Perhaps this explanation would benefit from an example?

> If randomization will be done on unsorted
> +source sequence, it may produce an alphabetically ordered result;
> +to avoid this explicitly sort the source, and then randomize it as
> +.Ql Cm \&:O:Ox .

It should be expected that shuffling the words will ocasionally produce
ordered output.  That's part of the nature of random shuffling.  There
should be no need to try to prevent it.  Trying to prevent ordered otput
from a random process actually reduces the randomness of the process.
So I would remove this sentence frmo the man page.

>   * Input:
>   *	str		String whose words should be sorted
> + *	otype		How to order: (s)ort, (r)everse, intermi(x) 

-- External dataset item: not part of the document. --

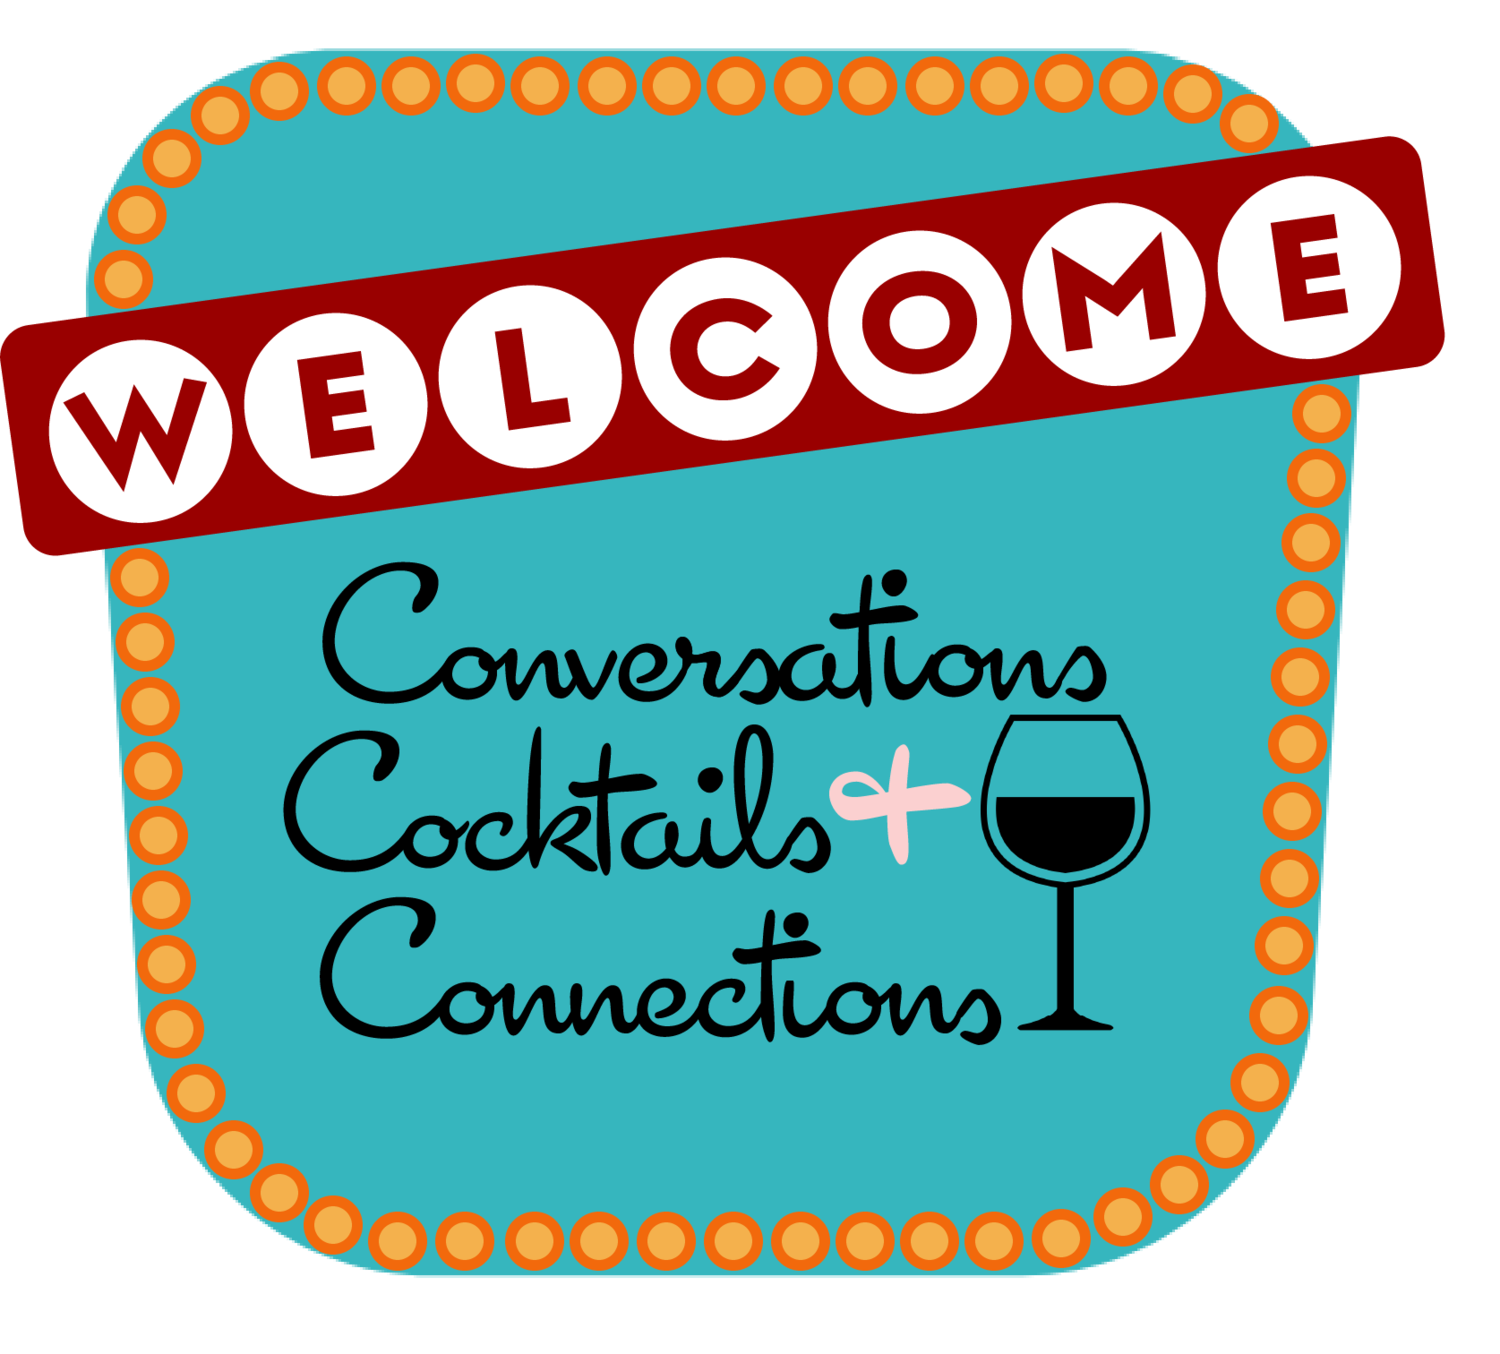 Conversations Cocktails + Connections

The term "intermix" doesn't tell me that it means "random".  I suggest saying
"(x) random".

> +	    /* intermixed variable should return different values each time */
> +	    gettimeofday(&rightnow, NULL);
> +	    srandom(rightnow.tv_sec + rightnow.tv_usec);

I don't think there's any gain from calling srandom() more than once per
program execution.

> +	    for (i = 0; i < ac; i++) {
> +		    ai[i].rnd = random();
> +		    ai[i].avi = av[i];
> +	    }

I suggest using the shuffling method used in the get_shuffle() function
in src/usr.bin/shuttle/shuffle.c.  It has some good properties proved by
Knuth.

--apb (Alan Barrett)